### WHAT THIS TASK INVOLVES
In the data below, one line contains "Nouveau Logo Choice" and a later one contains "Solar helmet with". Print both, with every line between them, exactly and alone.
(Beginning of INPUT FOR THIS TASK)
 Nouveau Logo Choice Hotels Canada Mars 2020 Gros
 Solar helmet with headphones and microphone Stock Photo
(End of INPUT FOR THIS TASK)
(Beginning of INPUT FOR THIS TASK)
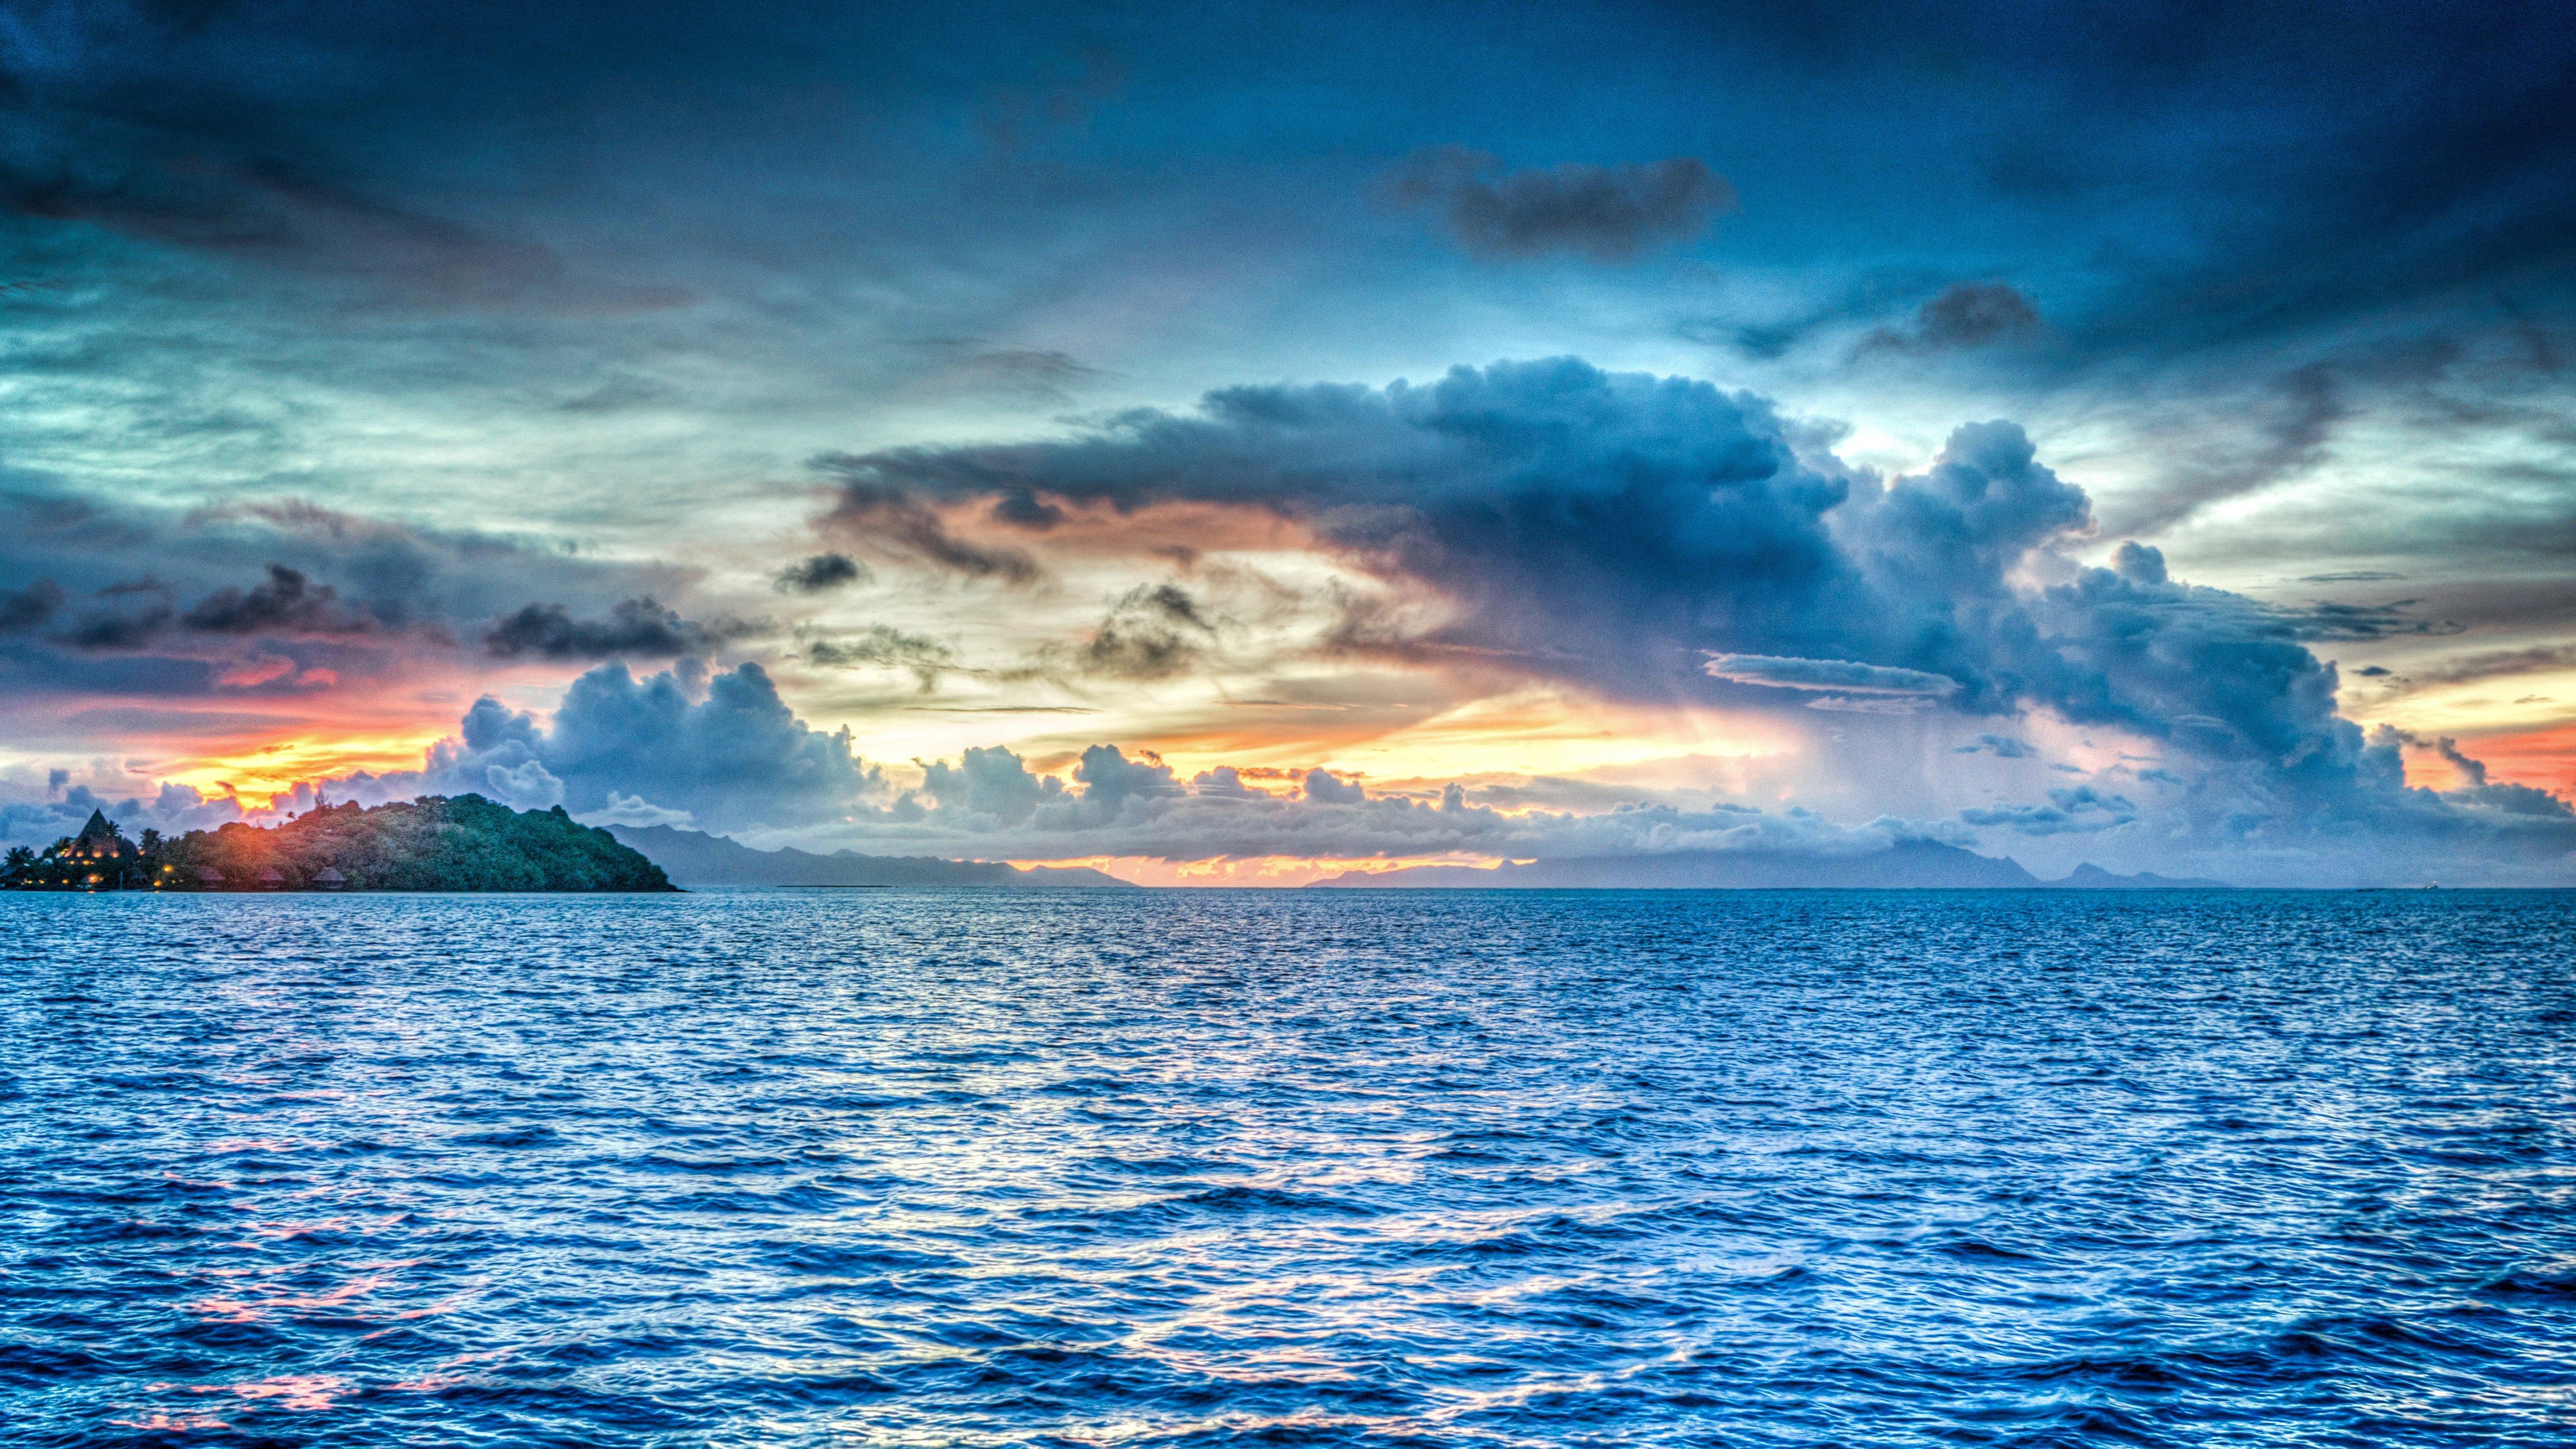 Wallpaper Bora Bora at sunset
(End of INPUT FOR THIS TASK)
### EXPECTED ANSWER
 Nouveau Logo Choice Hotels Canada Mars 2020 Gros
 Solar helmet with headphones and microphone Stock Photo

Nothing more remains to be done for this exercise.